The answer should match the entries below word for word, minus their pictures.

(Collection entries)
[Start of Attachment]
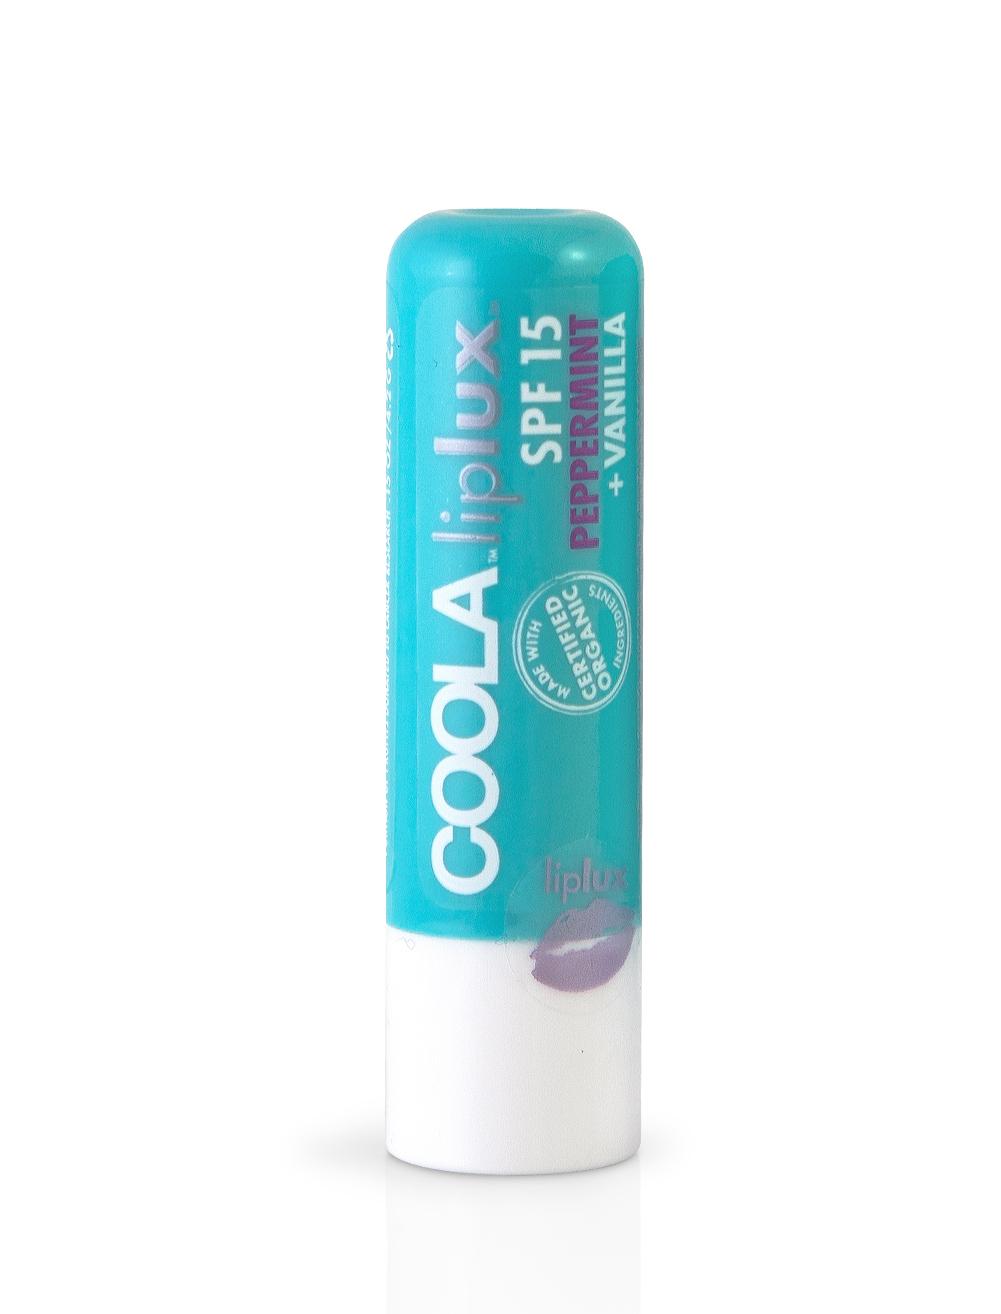 http://www.solescapes.com/COOLA-Liplux-Peppermint-Vanilla-SPF-15-p/cs-ll15vp.htm
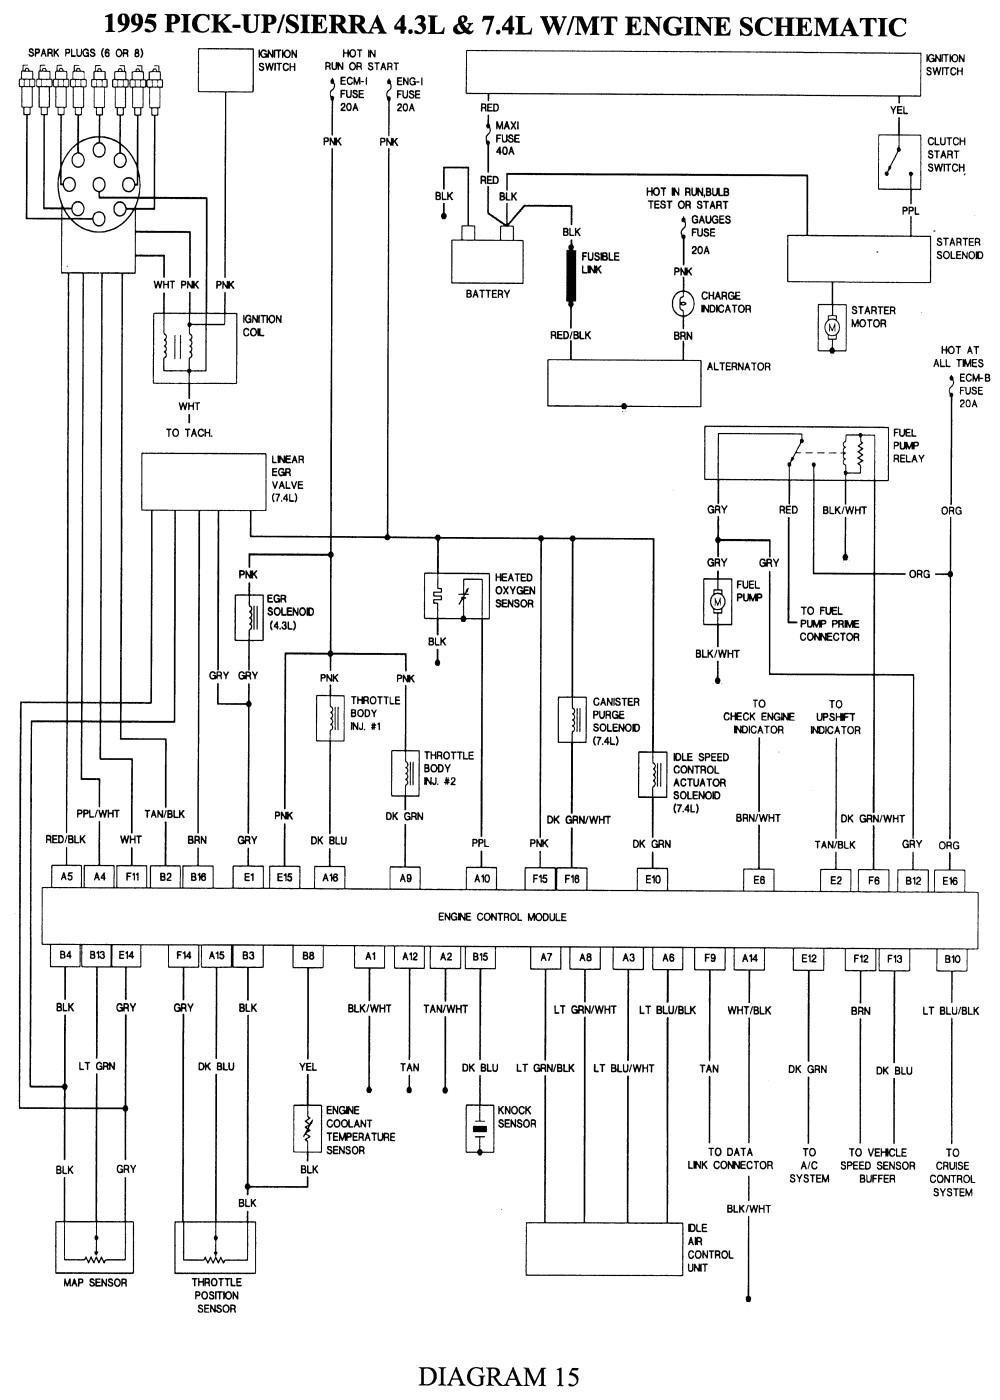 tail light wiring diagram 1995 chevy truck 2018 types of silverado gif
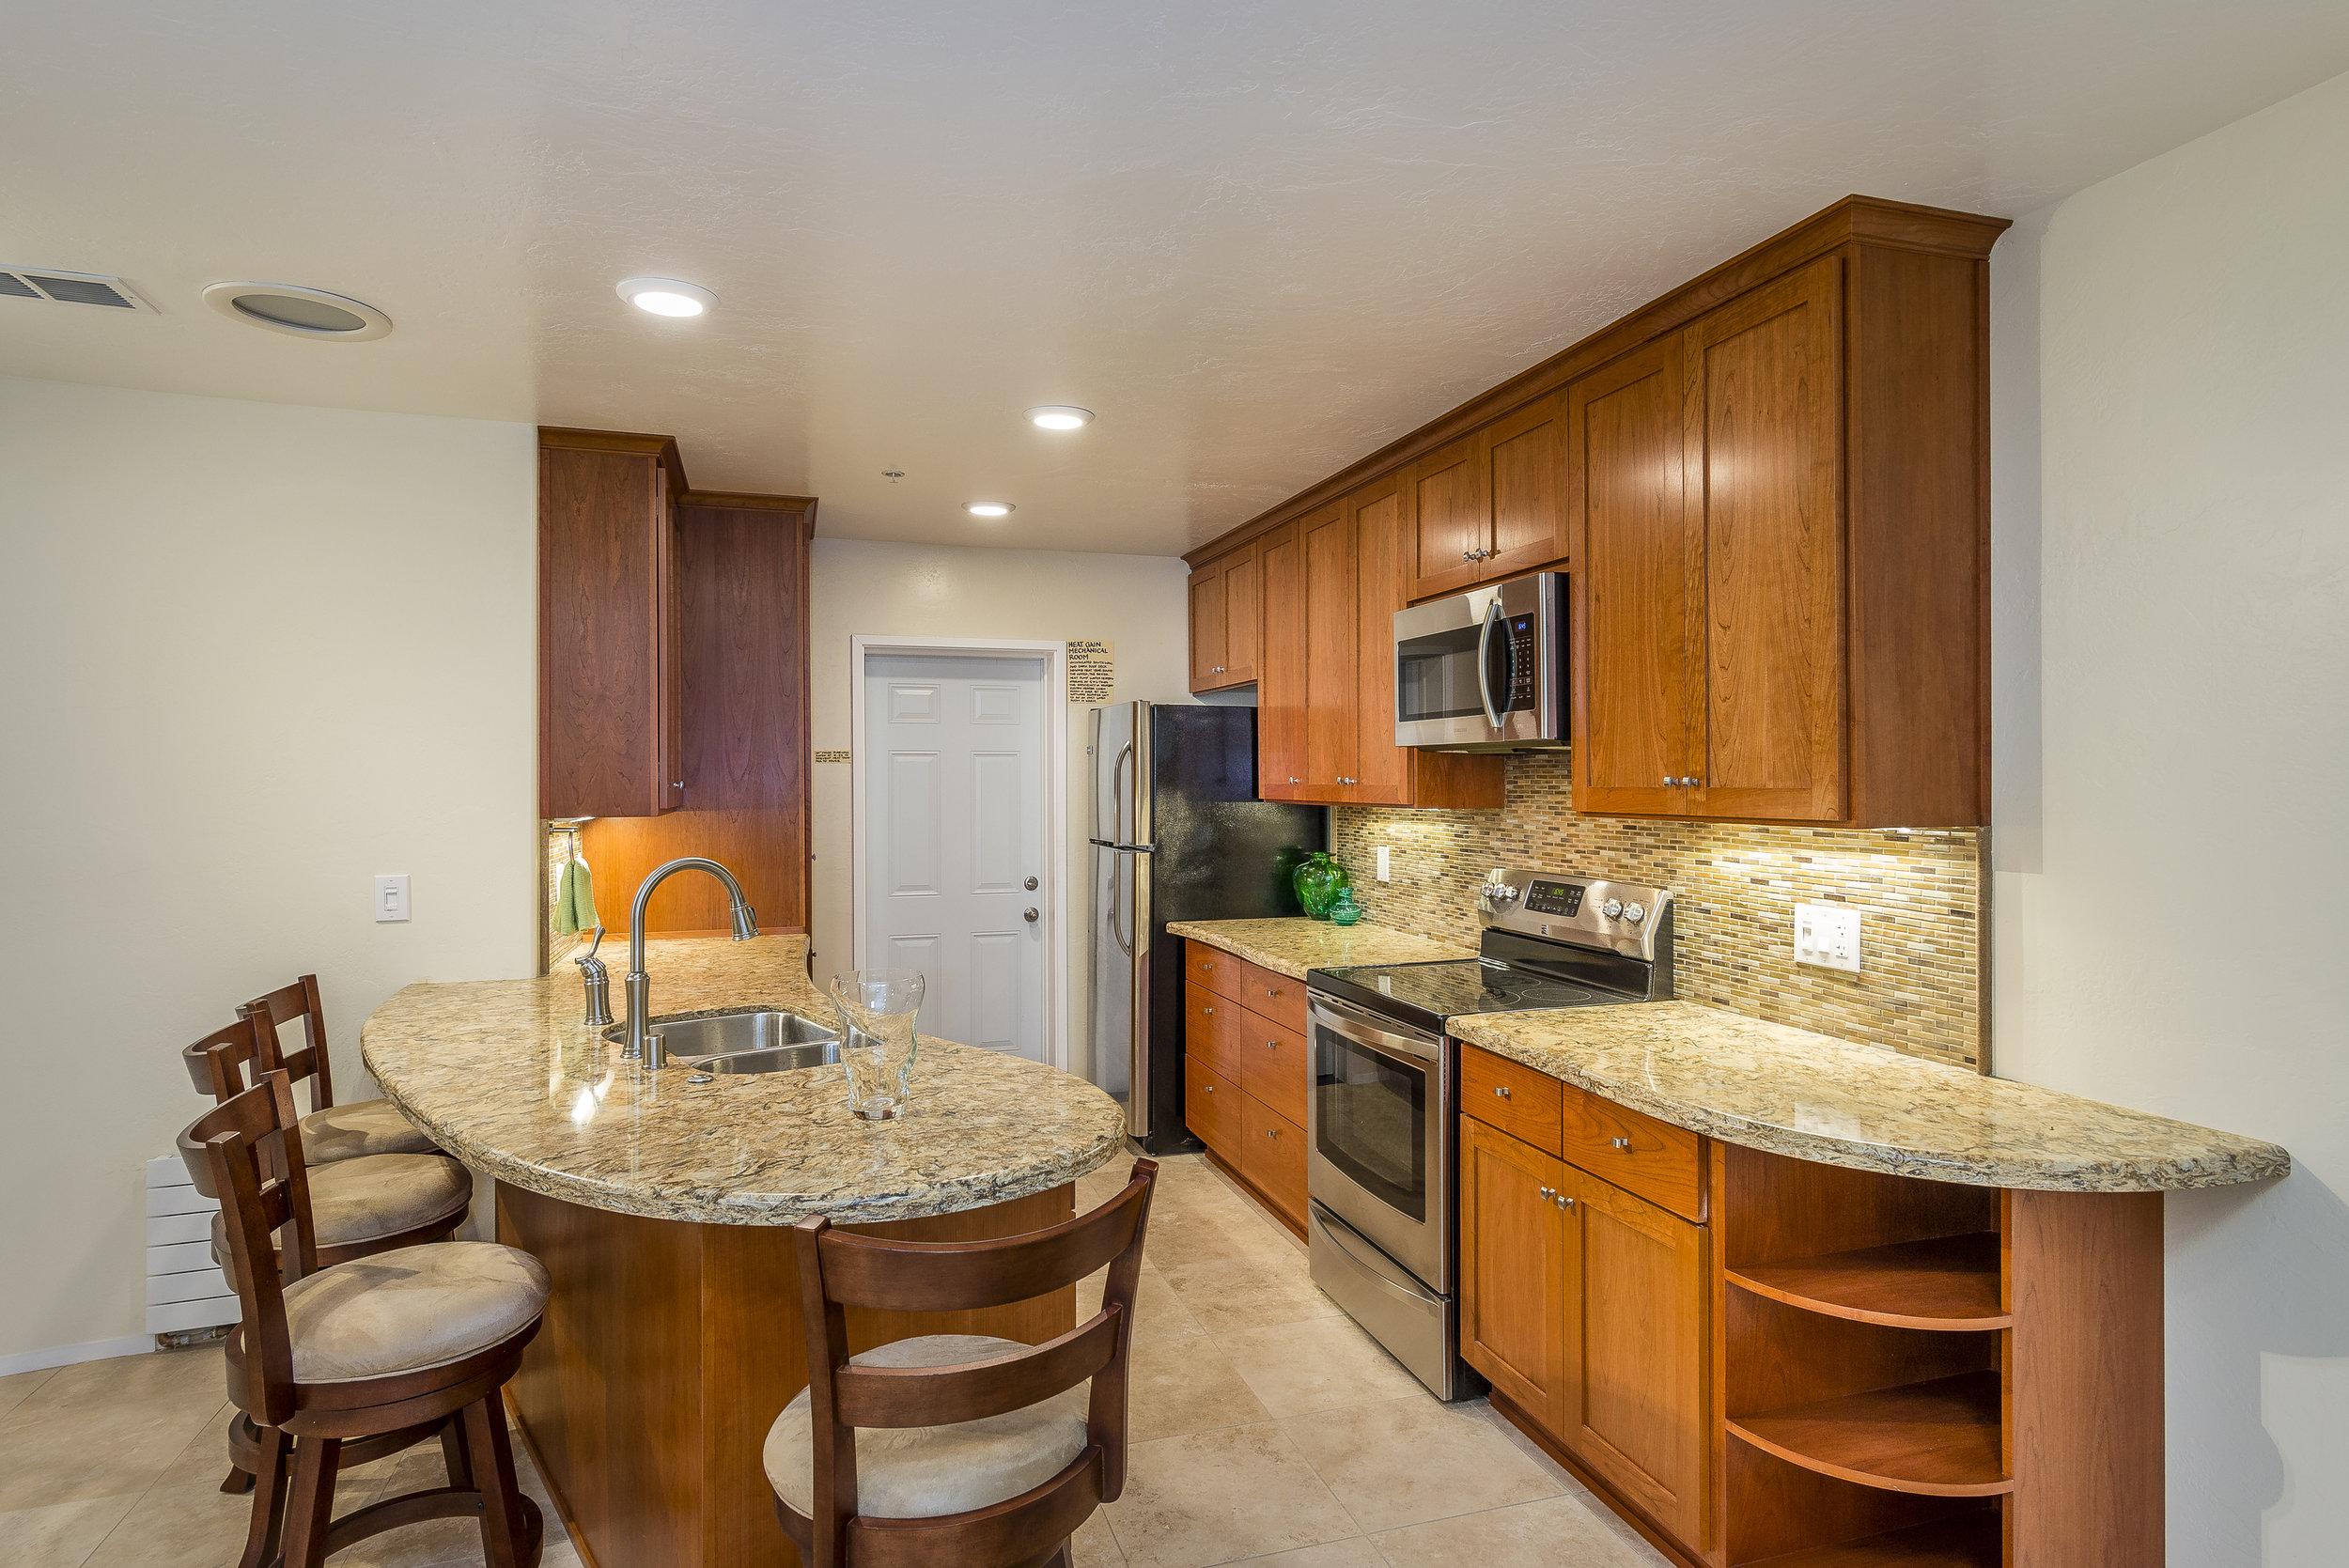 0014_Kitchen_Zero Energy Home HI RES.jpg
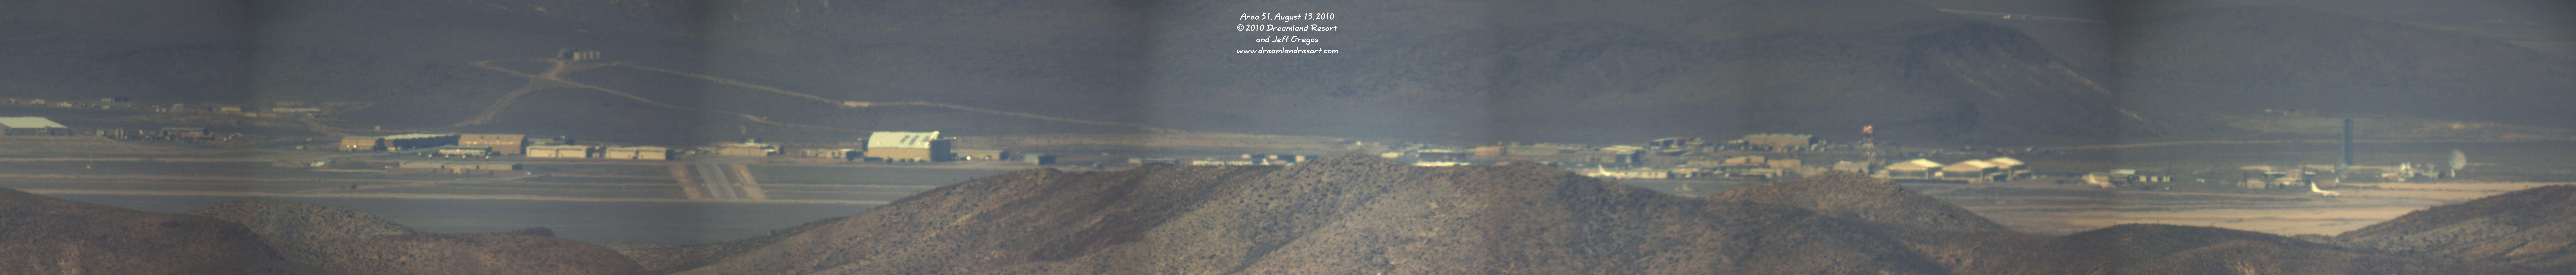 2012-08-02-panorama_0810_2.jpg
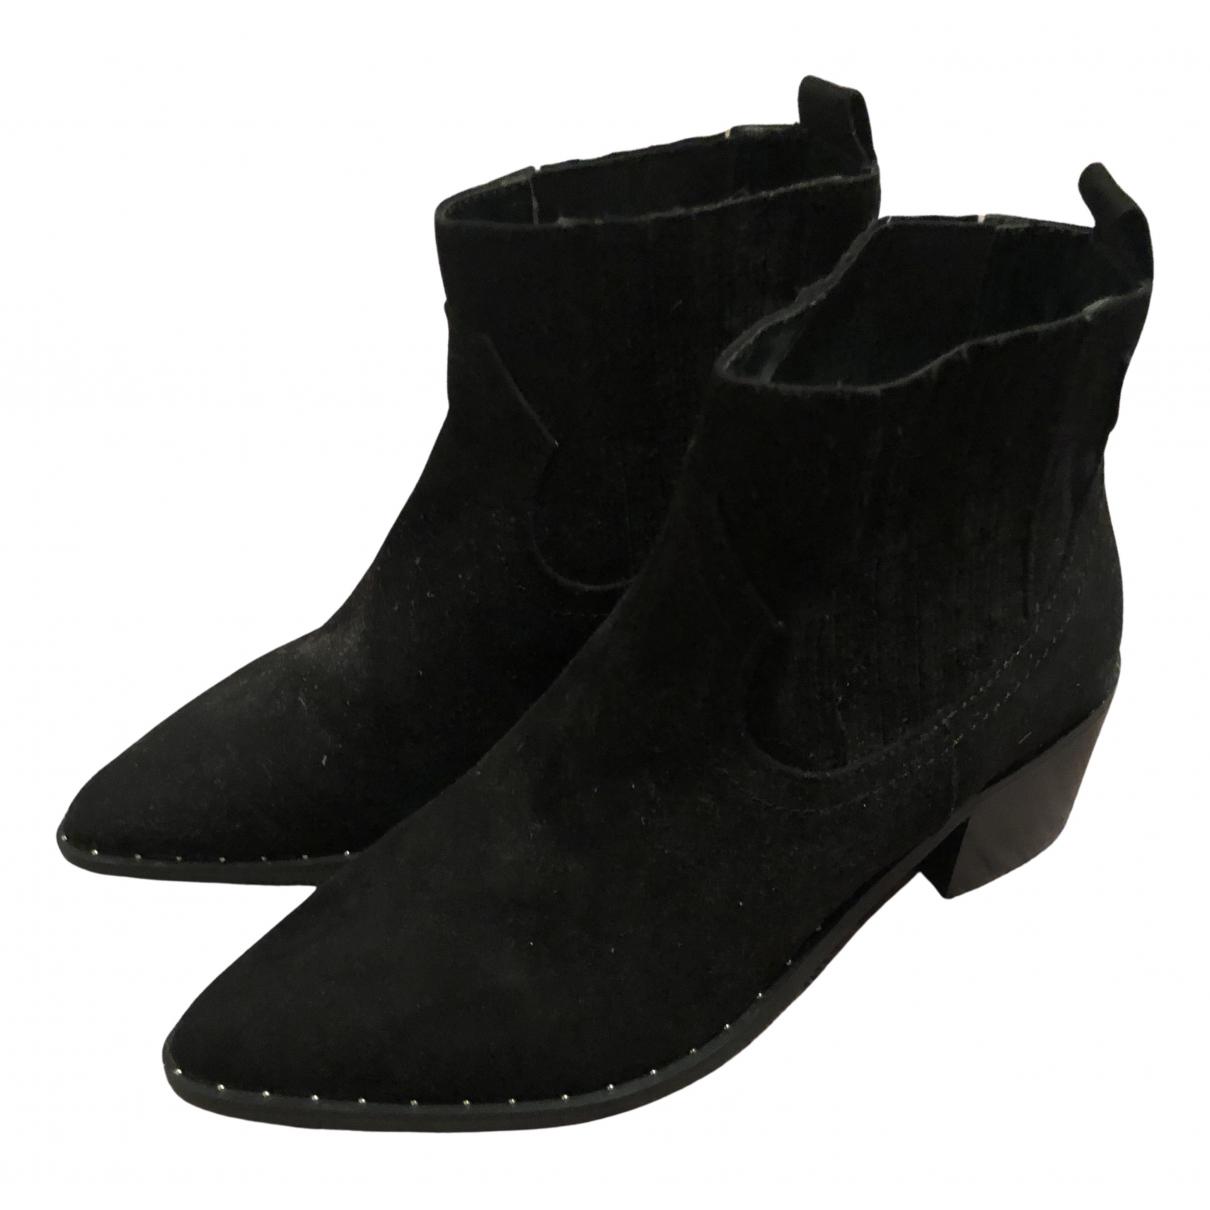 Miss Selfridge N Black Suede Boots for Women 36 EU
[End of Attachment]
SOLUTION
 http://www.solescapes.com/COOLA-Liplux-Peppermint-Vanilla-SPF-15-p/cs-ll15vp.htm
 tail light wiring diagram 1995 chevy truck 2018 types of silverado gif
 0014_Kitchen_Zero Energy Home HI RES.jpg
 2012-08-02-panorama_0810_2.jpg
 Miss Selfridge N Black Suede Boots for Women 36 EU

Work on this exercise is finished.